Talento, infraestruturas e… sol: o que procuram os investidores em Portugal?

Investimento no ecossistema português cresceu 30% face a 2016, sendo o valor médio de 330 mil euros. Seis em cada dez investimentos são em fase seed e há cada vez mais investidores interessados.

Chove em Lisboa em pleno junho e, por isso, os investidores deixaram de elogiar o sol português. No entanto, mudaram a perspetiva. Com números a testemunhar o aumento do interesse em startups portuguesas — de acordo com dados da Beta-i, o investimento cresceu 30% em 2017, face aos dados de 2016 sendo, em média, de 330 mil euros –, o sol do financiamento parece sorrir aos empreendedores.

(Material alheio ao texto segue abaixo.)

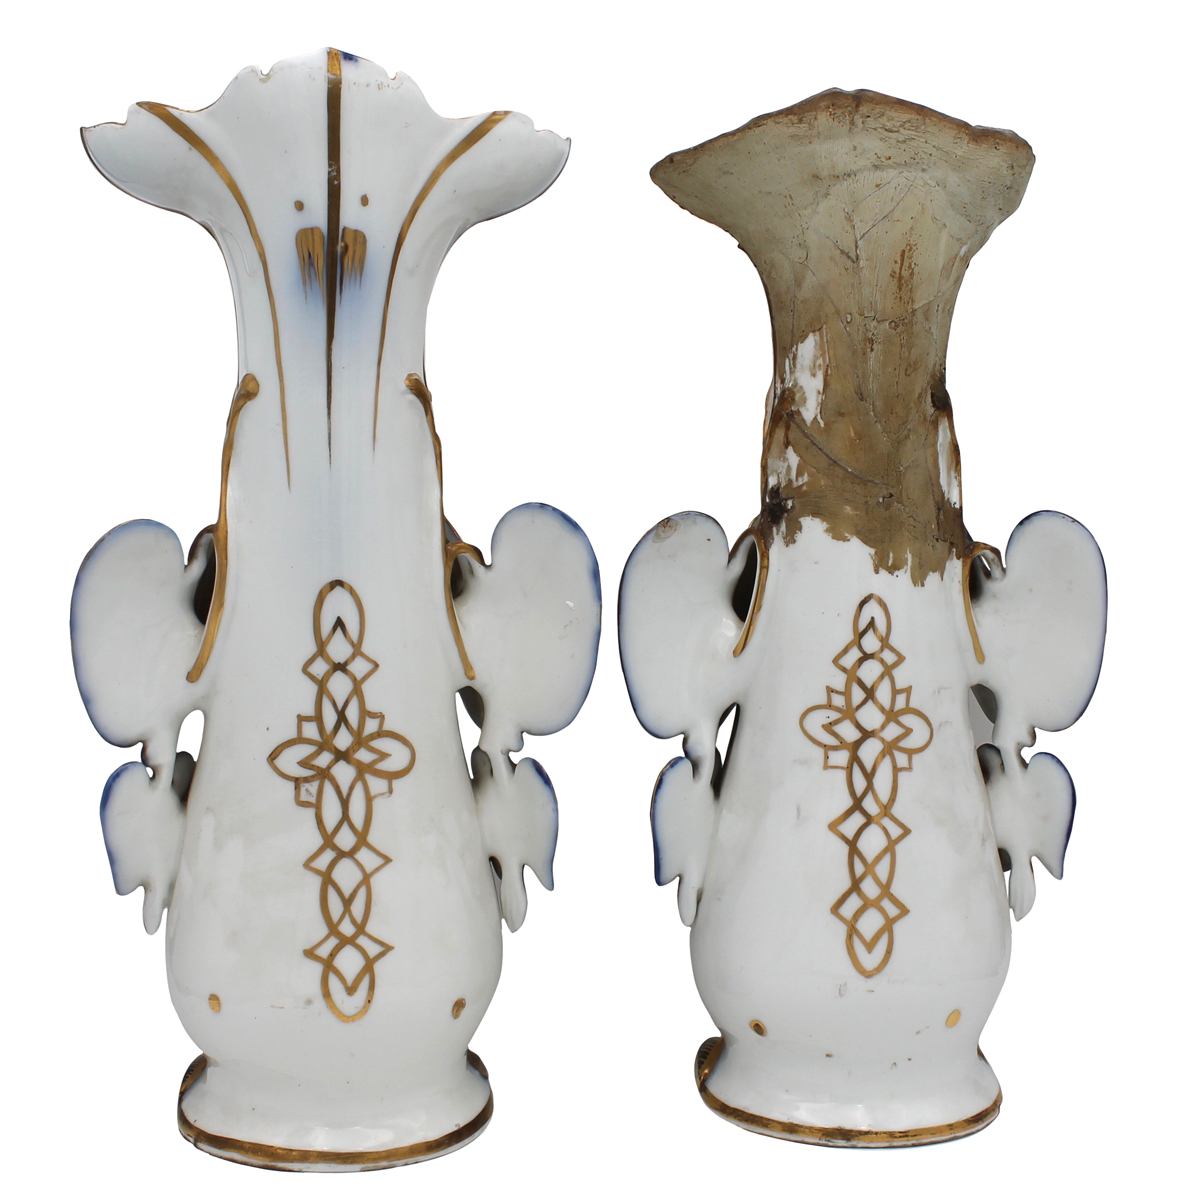 COPPIA VASI - COUPLE OF VASES - Image 2 of 2

Razões para investir em Portugal? Um, é parte da Europa e a Europa é um continente uno para ter grande acesso ao talento: se constróis um negócio em Lisboa significa que podes atrair talento para ti e conheço muitos casos em que há várias empresas a atrair talento para Lisboa. Essa é uma das razões: as pessoas podem construir grandes equipas em Lisboa. E, provavelmente será a melhor razão”, explica Elliot O’Connor, investment associate da First Minute Capital, em entrevista ao ECO. Com empresas como o Skype, o SkyScanner e a King dentro do portefólio de parcerias, o inglês representa um investidor com interesse no talento europeu que vê potencial de crescimento em áreas como machine learning, inteligência artificial, gaming e também robótica, entre outras.

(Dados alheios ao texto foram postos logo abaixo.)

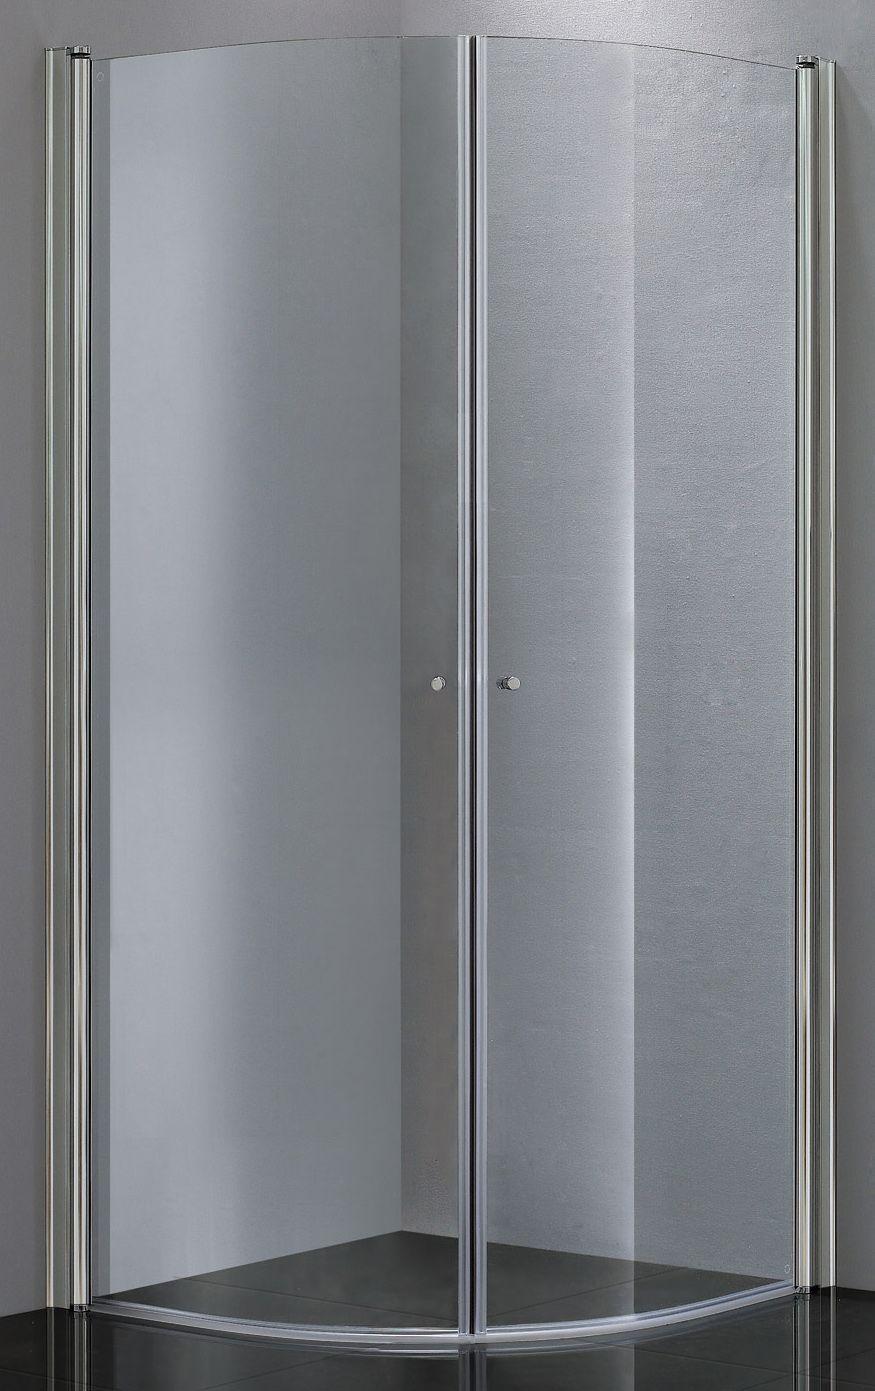 Picto duschhörna svängd | Alterna badrum | Stiltips | Pinterest ... : duschvägg snedtak : Inredning

Elliot O’Connor, investment associate da First Minute Capital, disse ao ECO estar prestes a anunciar o primeiro investimento numa startup portuguesa.Paula Nunes / ECO

A inteligência artificial é uma área em que a Europa pode ser muito competitiva: tem algumas das melhores universidades nestes campos, e estamos a produzir cientistas que podem construir grandes empresas na região. Relativamente a qualquer outro ecossistema, podemos ser bem-sucedidos aí”, esclarece.

Talento, talento, talento

Tema falado em conferências e entrevistas, a atração do talento tem sido cada vez mais destacada por vários players do ecossistema. As grandes empresas tendem a contratar em bloco, aumentando a competitividade entre elas e as startups, para quem este “novo talento” é essencial para desenvolvimento de produto. Gonzalo Tradecete, managing partner e chief investment officer da Faraday Venture Partners, com sede em Madrid, acredita que o mercado português é interessante, sobretudo por esse fator. “É um mercado muito interessante porque há muito talento com custos que não são enormes, muita abertura ao exterior e muitos incentivos do Estado”, explica.

Gonzalo Tradacete gere um fundo com dez milhões de euros de investimento e já investiu em 22 startups, sobretudo espanholas. A empresa prepara-se para abrir escritório em Portugal.Paula Nunes / ECO

Apesar disso, o fosso entre os mercados da Europa e dos Estados Unidos continua. Mas isso não preocupa Gonzalo, antes pelo contrário. “Mantêm-se as diferenças mas sempre existirão. São mercados muito diferentes, mas isso não significa que aqui não funcione. Têm outra amplitude, envergadura e histórico. Mas não nos falta nada, somos diferentes mas não há razão nenhuma para querermos ser como os Estados Unidos”, diz. E reforça: “Não há nenhuma necessidade”.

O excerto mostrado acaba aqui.